### [Provided material]
---+---
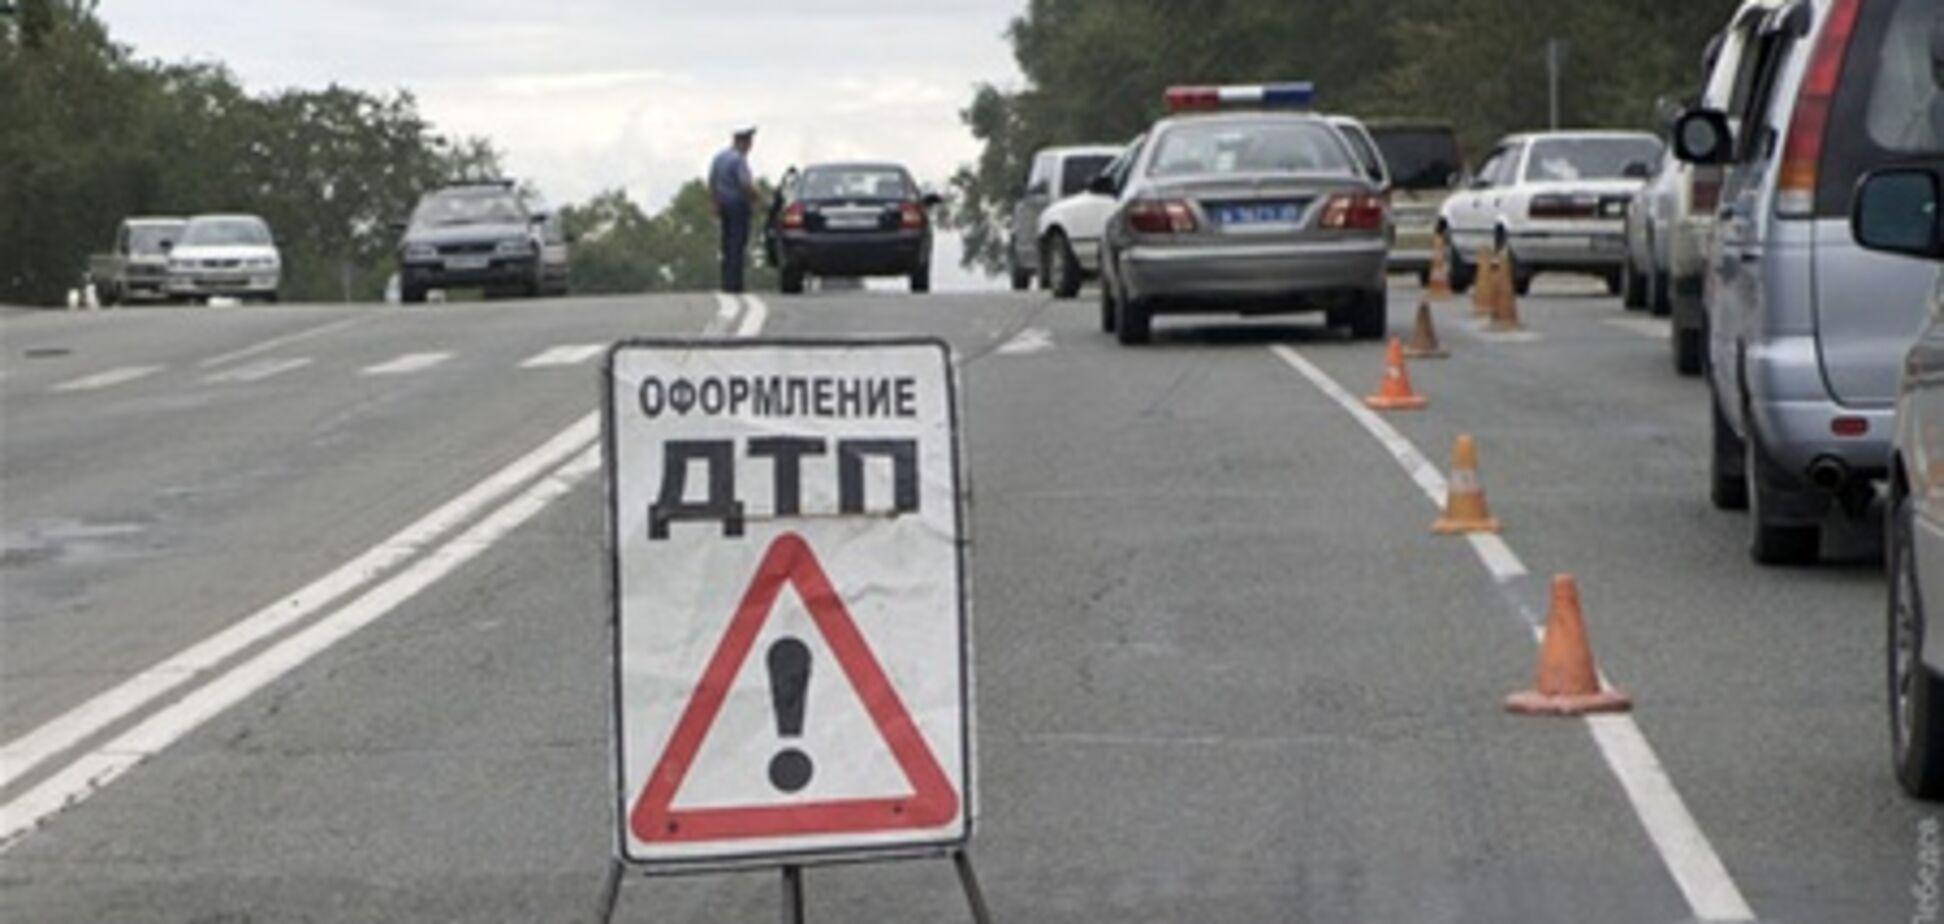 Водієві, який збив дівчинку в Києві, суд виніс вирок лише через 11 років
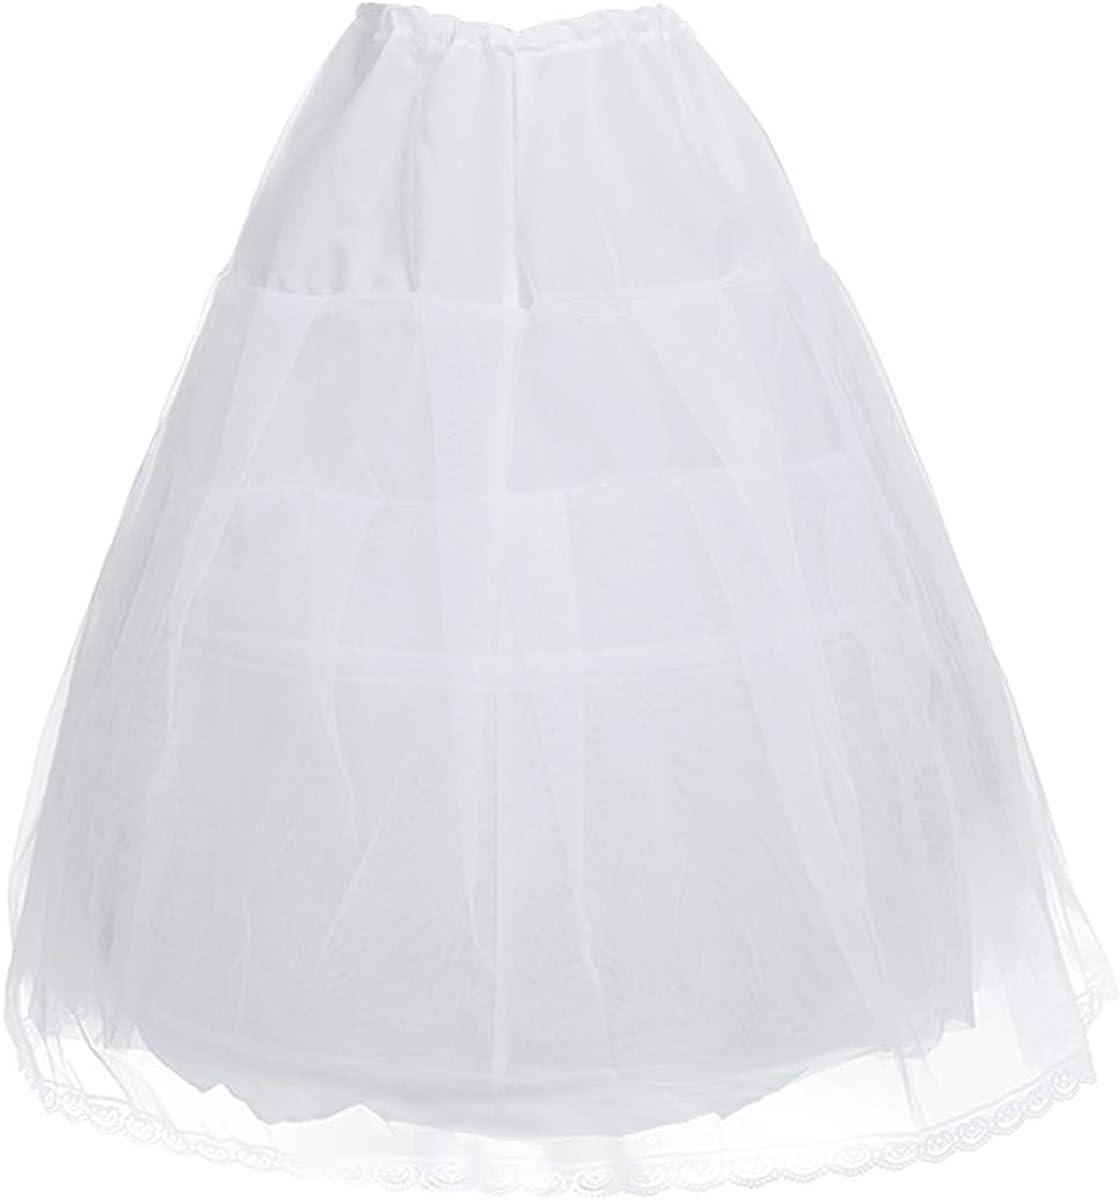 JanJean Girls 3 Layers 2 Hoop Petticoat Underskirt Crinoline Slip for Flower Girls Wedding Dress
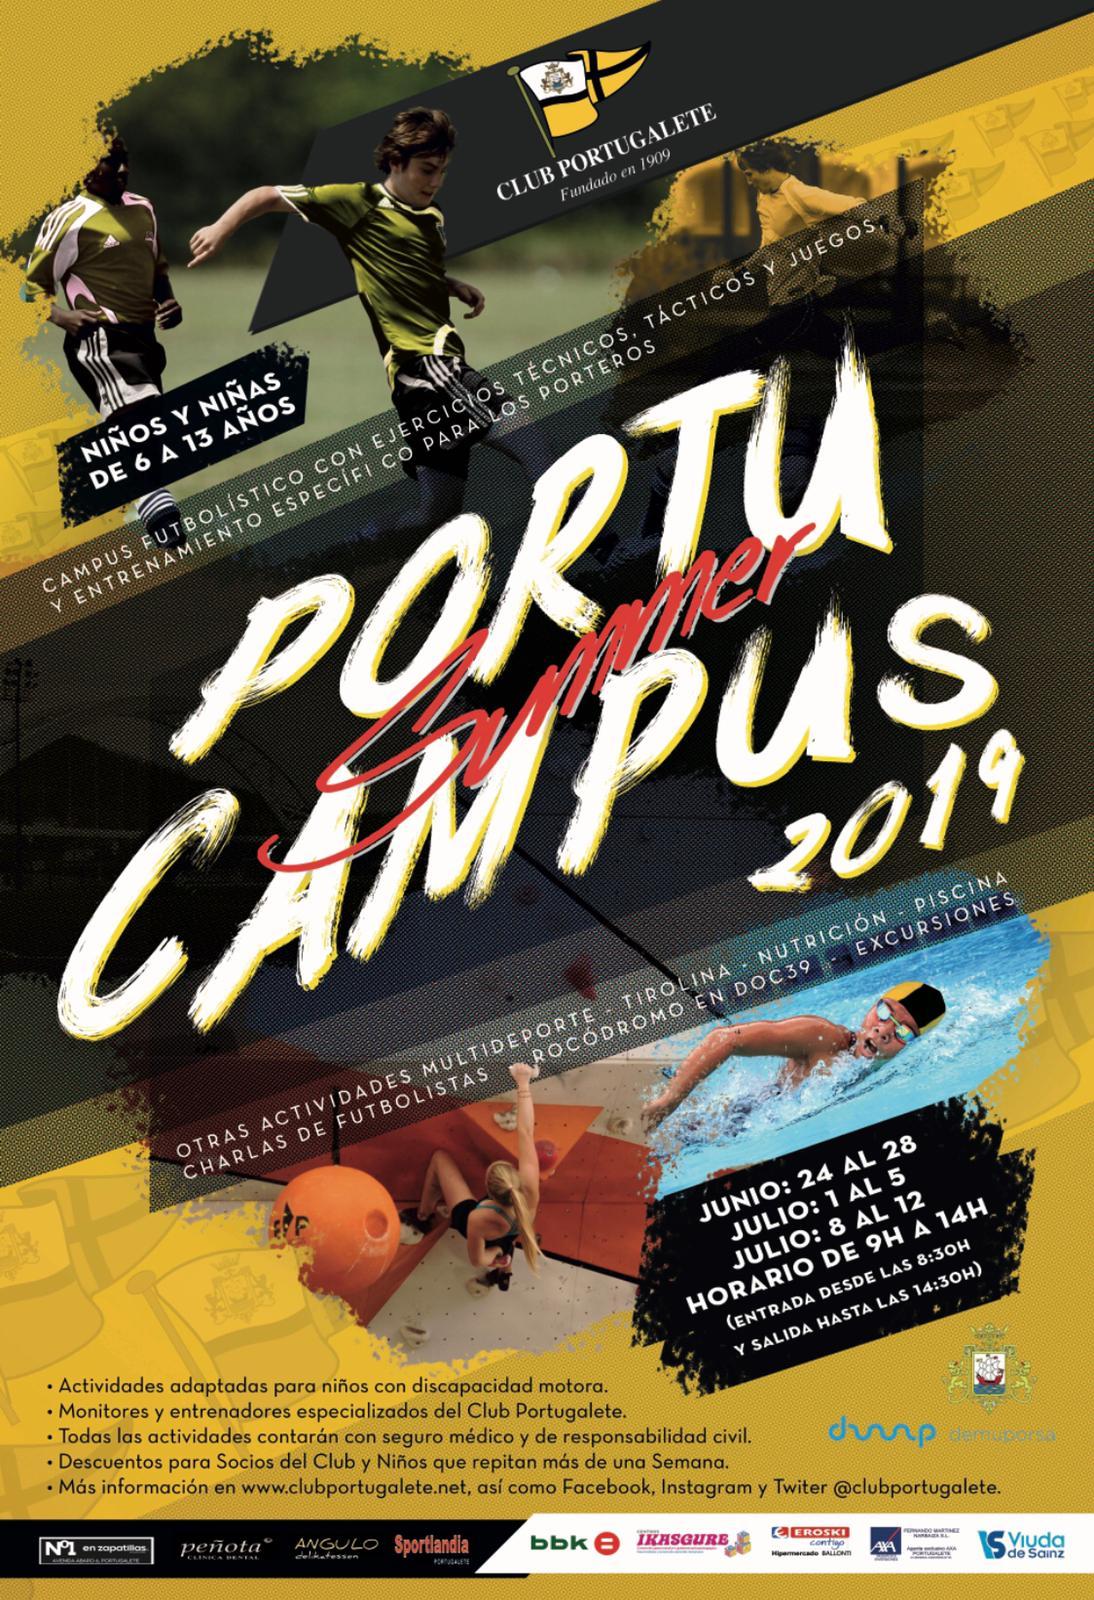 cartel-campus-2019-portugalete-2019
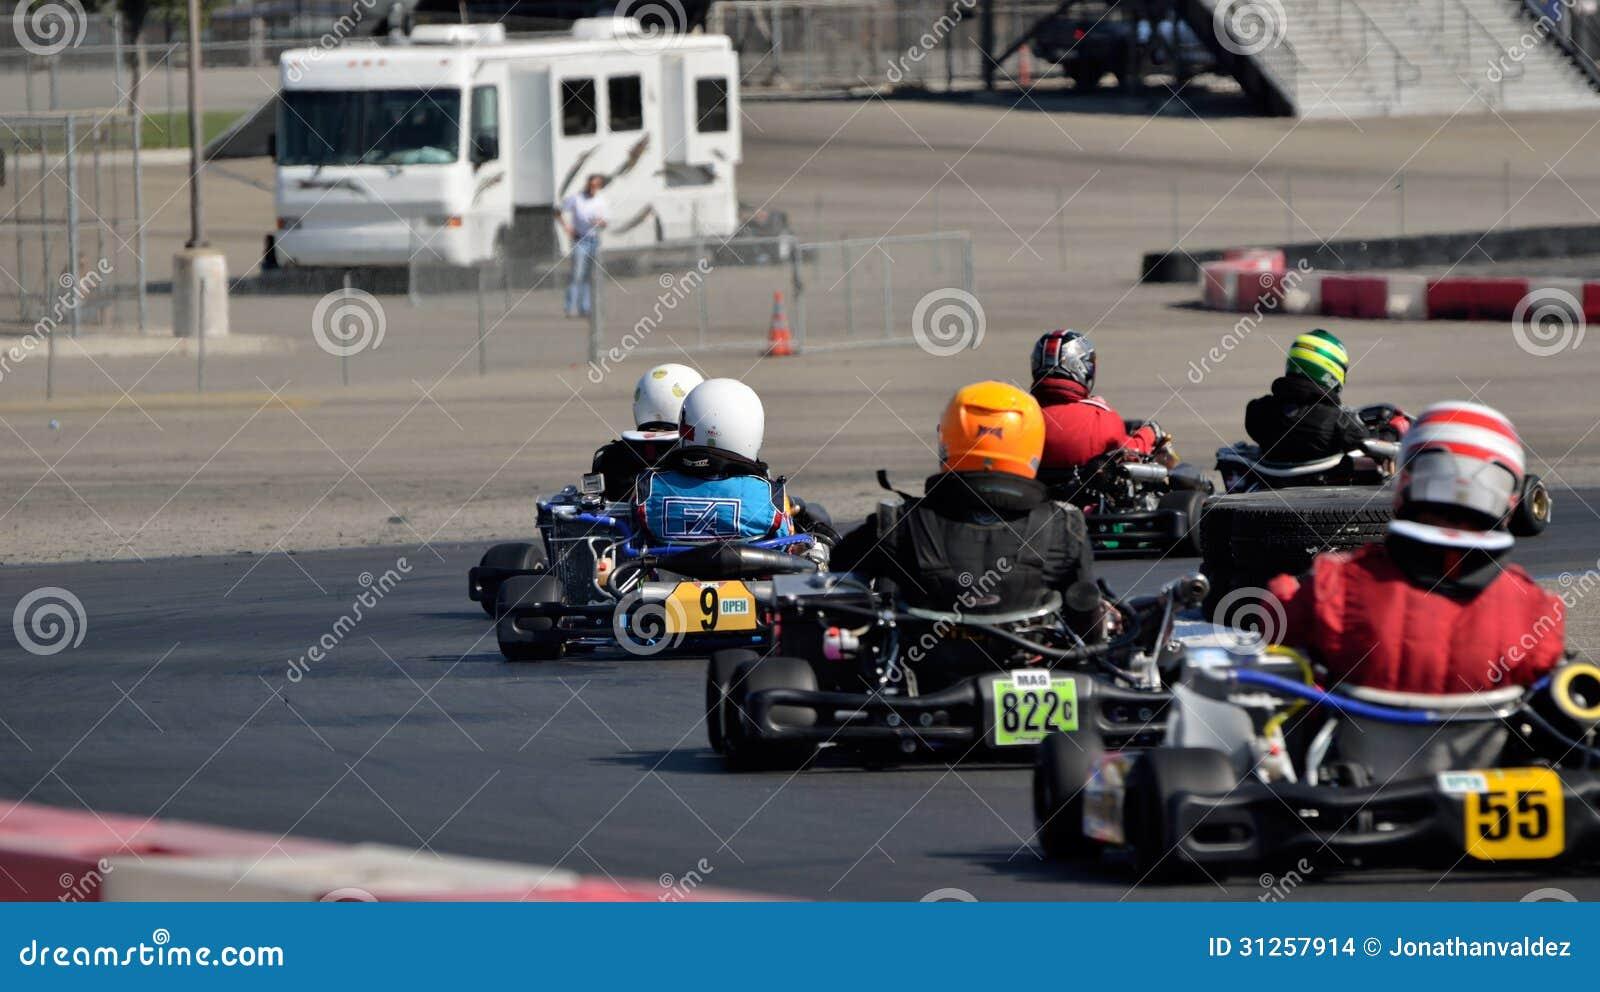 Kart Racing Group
---+---
### [Task brief]
The listing above must be restated word for word. Its pictures are to be left out.

### [Answer to this exercise]
 Водієві, який збив дівчинку в Києві, суд виніс вирок лише через 11 років
 JanJean Girls 3 Layers 2 Hoop Petticoat Underskirt Crinoline Slip for Flower Girls Wedding Dress
 cartel-campus-2019-portugalete-2019
 Kart Racing Group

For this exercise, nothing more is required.